In 1938, Hungary's currency situation was defined by the long shadow of the post-World War I economic collapse and the Great Depression. The national currency, the pengő, introduced in 1927 to replace the utterly collapsed korona, was initially a success story of stabilization under Prime Minister István Bethlen. It was tied to gold and enjoyed a period of relative strength. However, the global economic crisis of the 1930s severely impacted Hungary's largely agricultural economy, leading to a loss of foreign exchange reserves and forcing the country to default on its foreign debt in 1931. By 1938, while the pengő remained the official currency, it operated under strict exchange controls and was not freely convertible, as Hungary sought to protect its dwindling reserves and manage its autarkic economic policies.
The economy and currency were increasingly manipulated to serve the state's political and revisionist goals.
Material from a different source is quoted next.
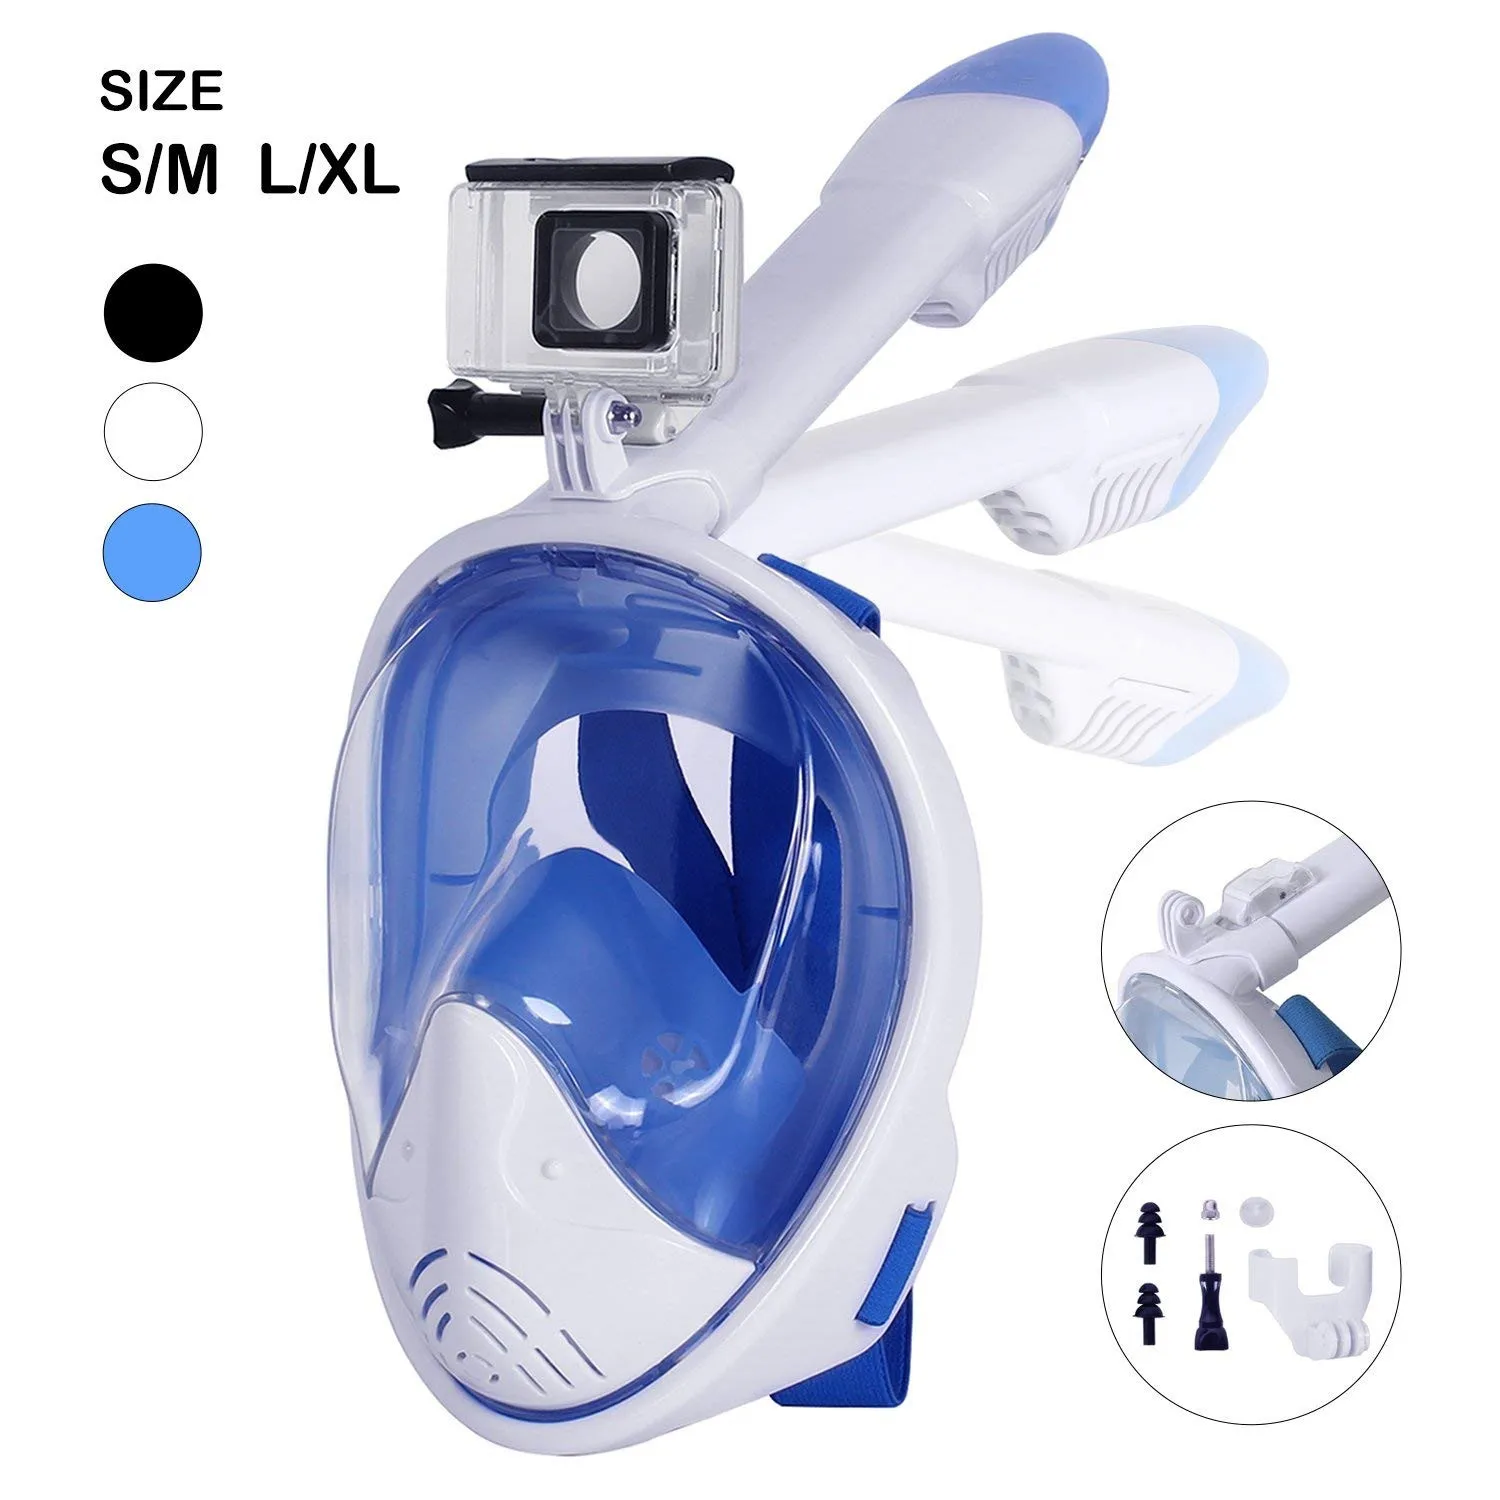 

2019 Amazon Top Seller Easybreath 180 full face Snorkel Mask anti fog diving mask with two snorkel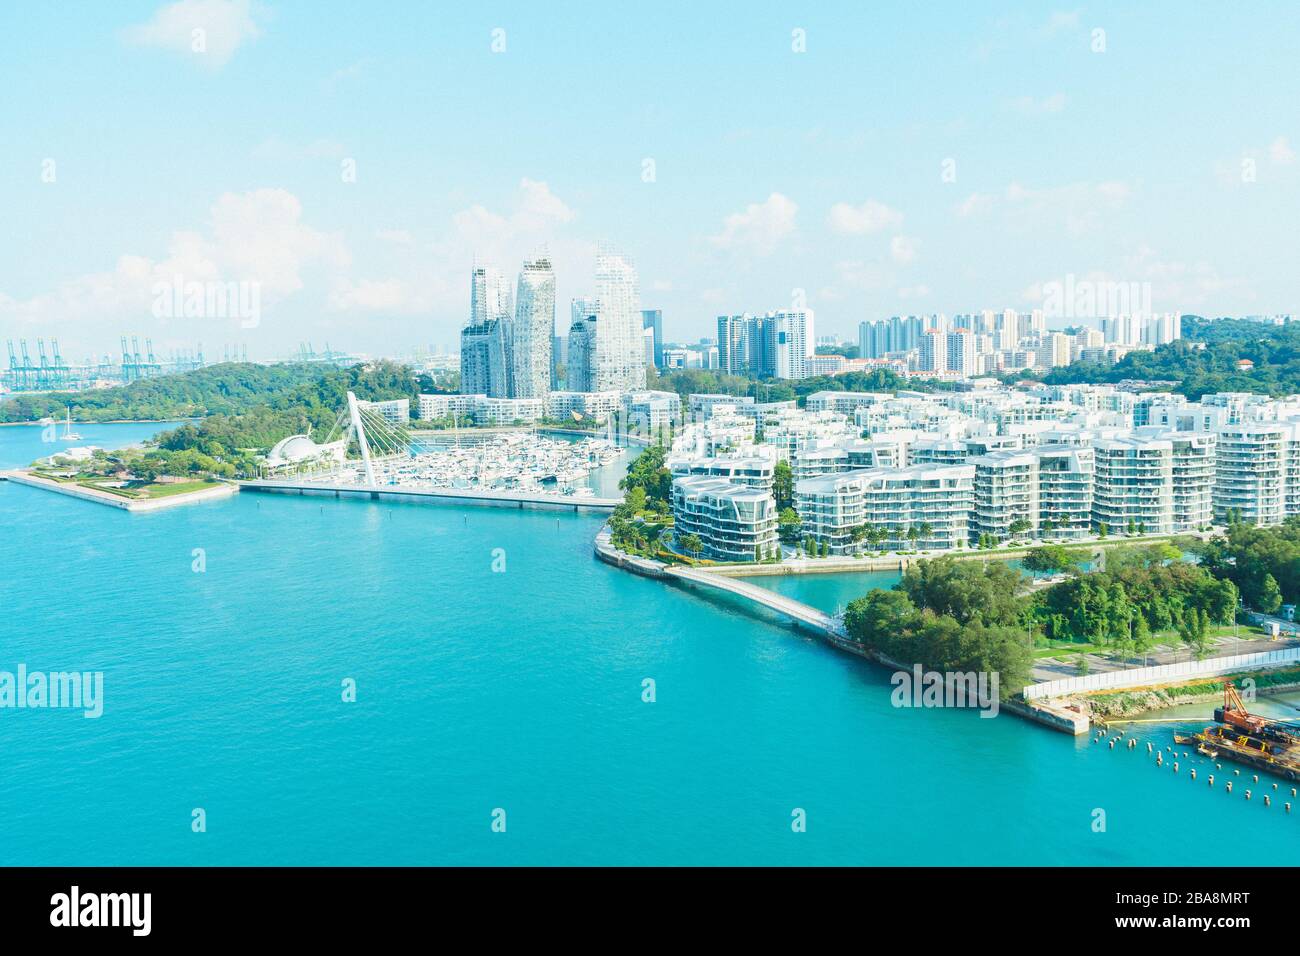 KEPPEL HARBOR / SINGAPORE, 29 APRIL 2018 - Reflections at Keppel Bay in Singapore is a 99-year leasehold luxury waterfront residential complex on appr Stock Photo

Under the governorship of Gyula Reményi-Schmeller at the Hungarian National Bank, financial policy was subordinated to the government's agenda, which included rapid rearmament and preparing the economy for war to regain territories lost in the Treaty of Trianon. This led to chronic budget deficits, which were increasingly financed by money printing from the central bank, planting the seeds for future inflation. While hyperinflation was not yet apparent in 1938, the underlying pressures were building as public debt soared and the economy was redirected towards militarization, often through state-led barter agreements with Nazi Germany and Fascist Italy to circumvent hard currency shortages.
Consequently, by late 1938, Hungary's currency system was fragile and artificially sustained. The First Vienna Award in November, which returned southern Slovakia from Czechoslovakia to Hungary, provided a temporary morale and economic boost but did not alter the fundamental financial weaknesses. The pengő's stability was more illusory than real, maintained through isolation from international markets and authoritarian financial controls. The stage was set for the catastrophic monetary collapse that would follow during and after World War II, culminating in the infamous hyperinflation of the 1940s and the introduction of the forint in 1946.